- Records to use:
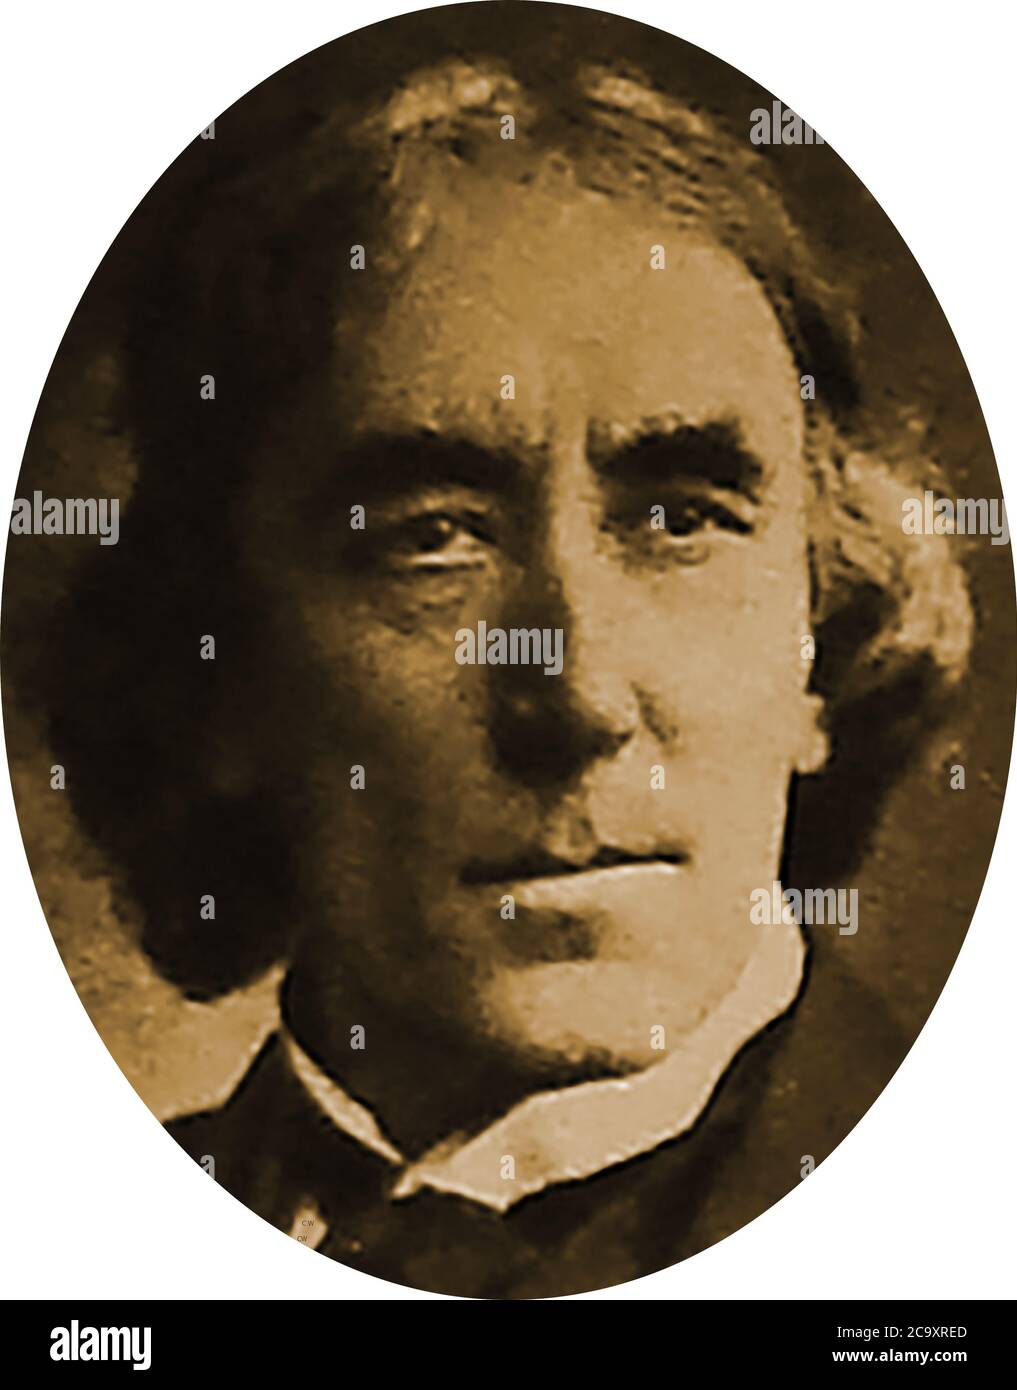 Portrait of Somerset born British actor, actor/manager and  theatrical manager Sir Henry Irving (1883-1905). He was also known as John Henry Brodribb, (his birth name) and   J. H. Irving. In 1895 he became the first actor to be awarded a knighthood. He is known for his close association with Bram Stoker, author of 'Dracula' and became a Freemason, being initiated into the Jerusalem Lodge No 197 (London). His ashes were buried in Westminster Abbey Stock Photo
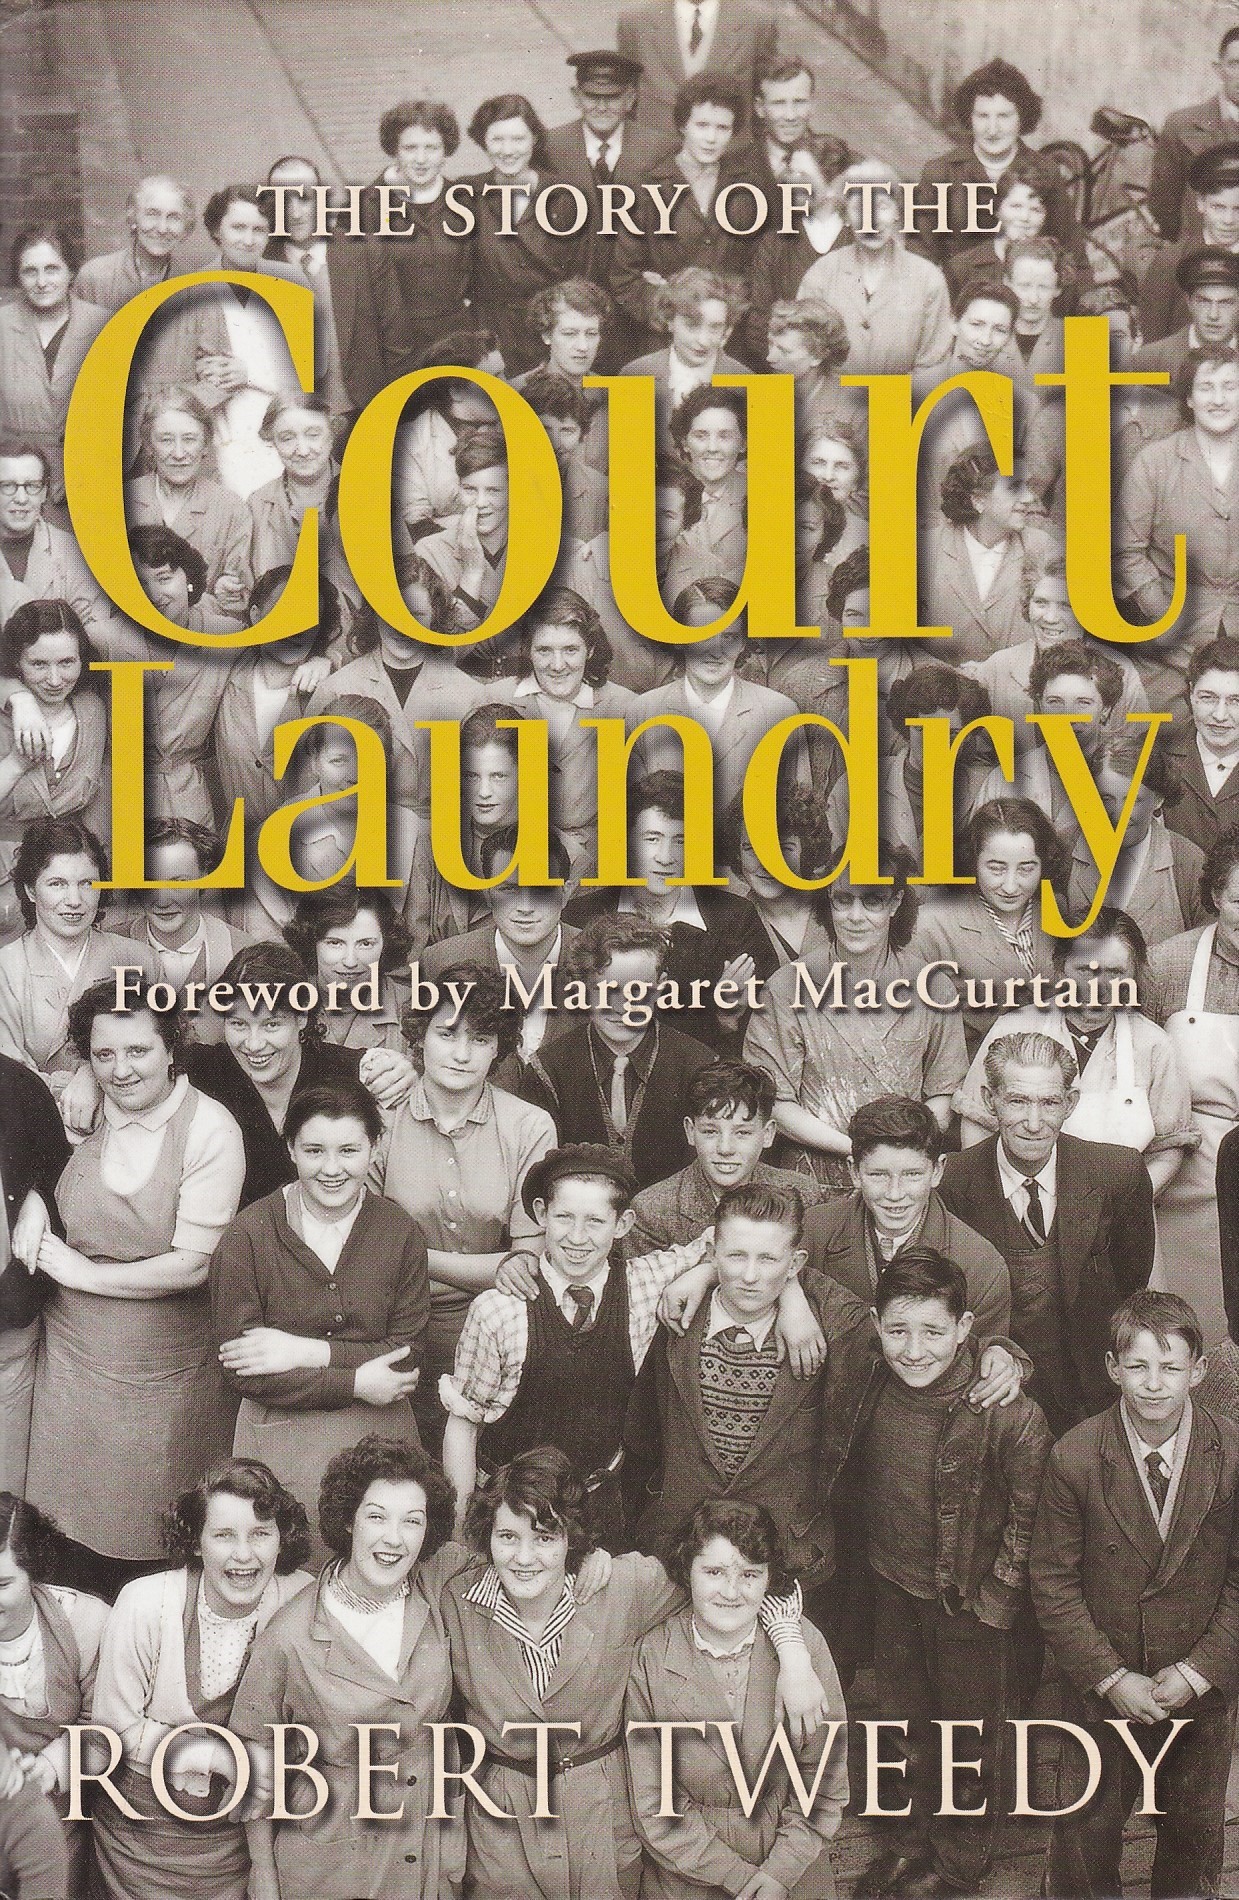 The Court Laundry by Robert Tweedy
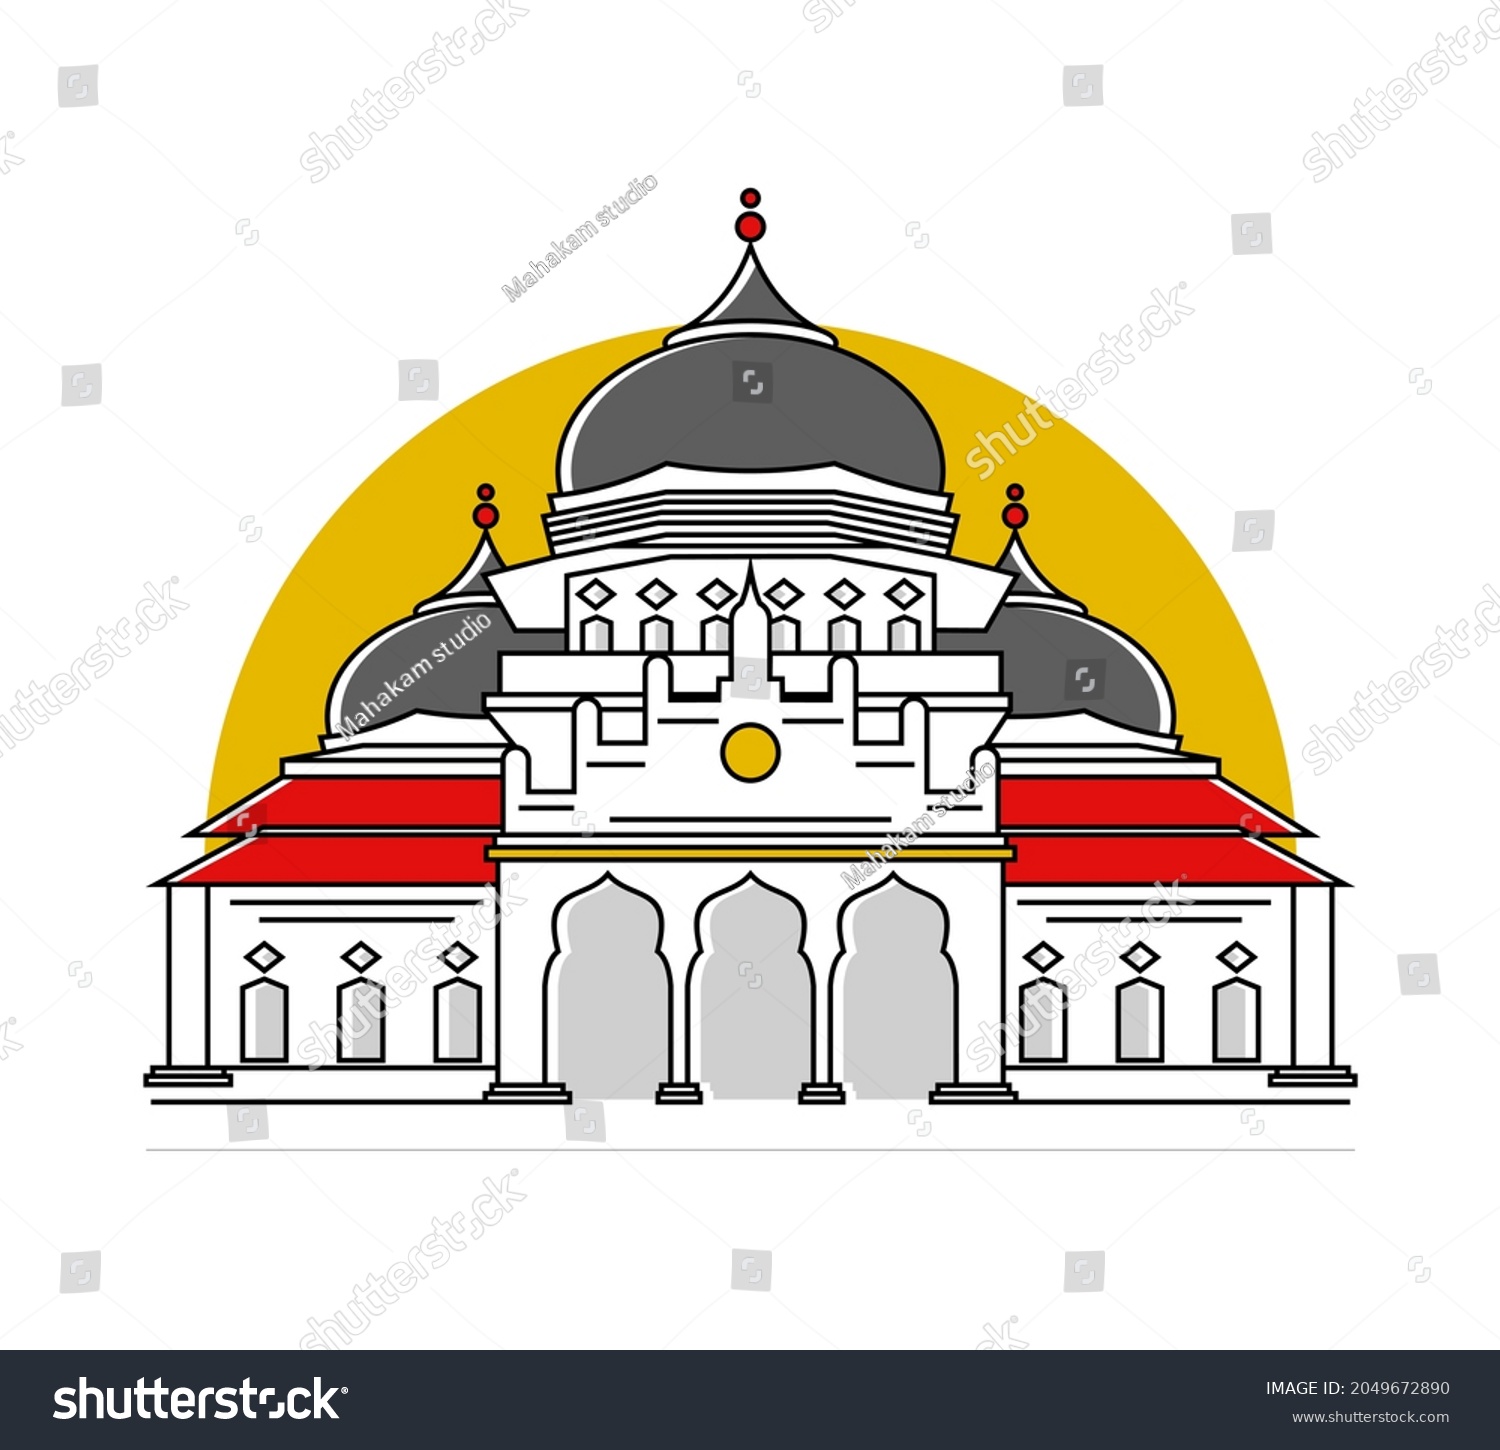 SVG of - Nusantara Mosque Project -

Naggroe Aceh Darussalam Capital Mosque  svg
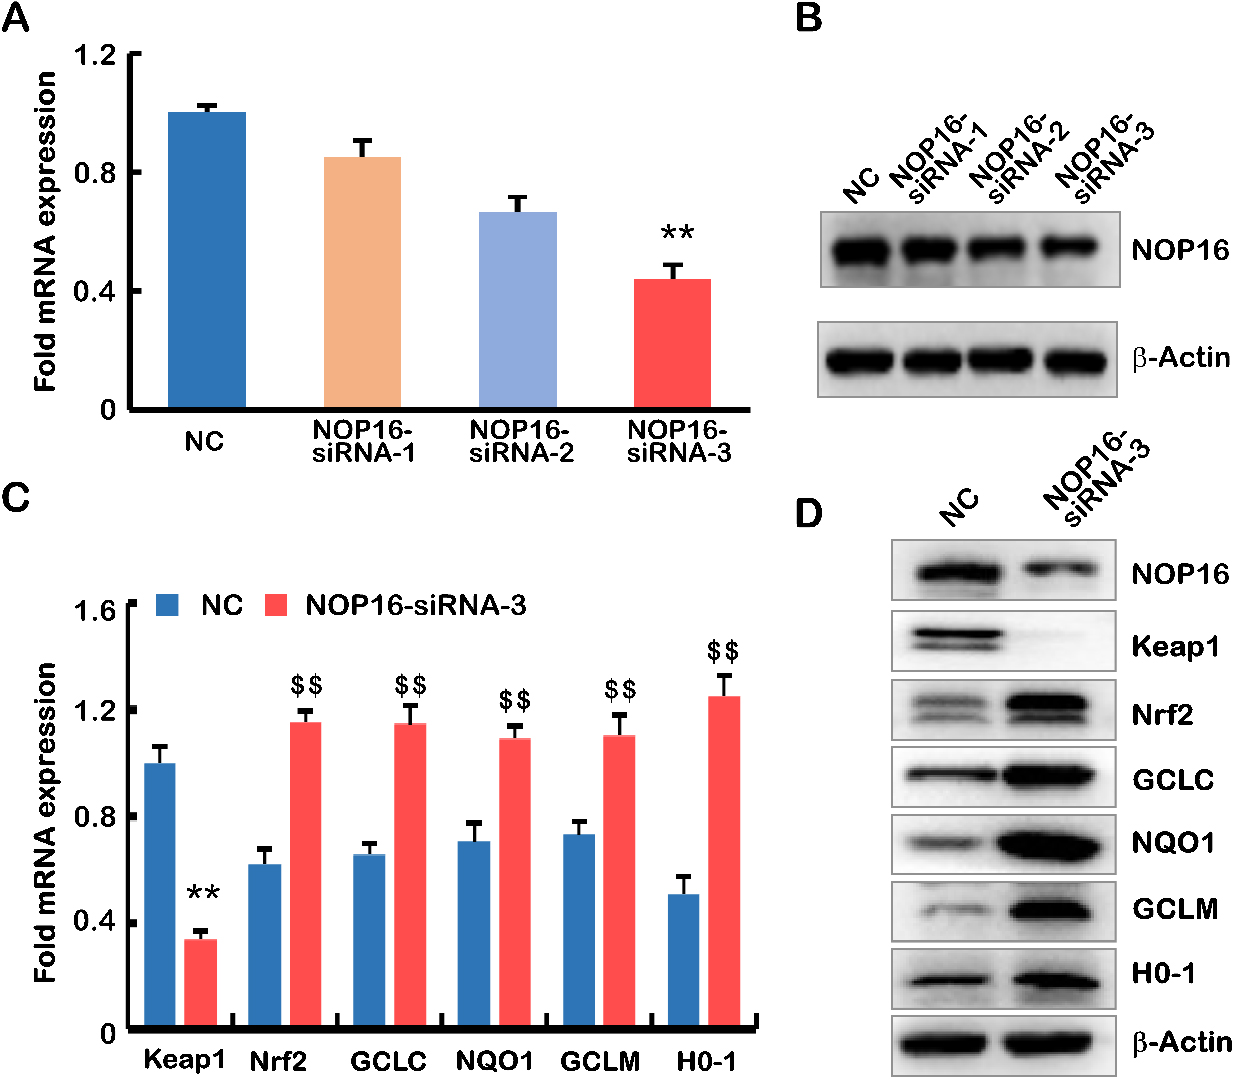 The decrease in NOP16 leads to abnormal expression of the Keap1-Nrf2 signalling pathway. (A–B) siRNA interfered with the expression of NOP16 in HepG2 cells, and mRNA and protein levels were measured using q-PCR (A) and WB, respectively (B). (C–D) siRNA3 interfered with the expression of NOP16 and affected the Keap1-Nrf2 pathway. q-PCR (C) and WB (D) were used to detect its expression. The full name of the protein involved in Fig D is as follows: Keap1 (kelch like ECH associated protein 1), Nrf2 NRF2 (Nuclear Factor erythroid 2-Related Factor 2), GCLC (Recombinant Glutamate Cysteine Ligase, Catalytic), NQO1 (NAD (P) H: quinoneoxidoreductaseNQO1), GCLM (Recombinant Glutamate Cysteine Ligase, Modifier Subunit), HO-1 (NAD (P) H: quinoneoxidoreductaseNQO1) N⩾ 3, and “**” “$⁡$” indicates p⩽ 0.01.

- Exercise goal: Set down all of the material above exactly as written, leaving the pictures out.

- Finished exercise:
 Portrait of Somerset born British actor, actor/manager and  theatrical manager Sir Henry Irving (1883-1905). He was also known as John Henry Brodribb, (his birth name) and   J. H. Irving. In 1895 he became the first actor to be awarded a knighthood. He is known for his close association with Bram Stoker, author of 'Dracula' and became a Freemason, being initiated into the Jerusalem Lodge No 197 (London). His ashes were buried in Westminster Abbey Stock Photo
 The Court Laundry by Robert Tweedy
 SVG of - Nusantara Mosque Project -

Naggroe Aceh Darussalam Capital Mosque  svg
 The decrease in NOP16 leads to abnormal expression of the Keap1-Nrf2 signalling pathway. (A–B) siRNA interfered with the expression of NOP16 in HepG2 cells, and mRNA and protein levels were measured using q-PCR (A) and WB, respectively (B). (C–D) siRNA3 interfered with the expression of NOP16 and affected the Keap1-Nrf2 pathway. q-PCR (C) and WB (D) were used to detect its expression. The full name of the protein involved in Fig D is as follows: Keap1 (kelch like ECH associated protein 1), Nrf2 NRF2 (Nuclear Factor erythroid 2-Related Factor 2), GCLC (Recombinant Glutamate Cysteine Ligase, Catalytic), NQO1 (NAD (P) H: quinoneoxidoreductaseNQO1), GCLM (Recombinant Glutamate Cysteine Ligase, Modifier Subunit), HO-1 (NAD (P) H: quinoneoxidoreductaseNQO1) N⩾ 3, and “**” “$⁡$” indicates p⩽ 0.01.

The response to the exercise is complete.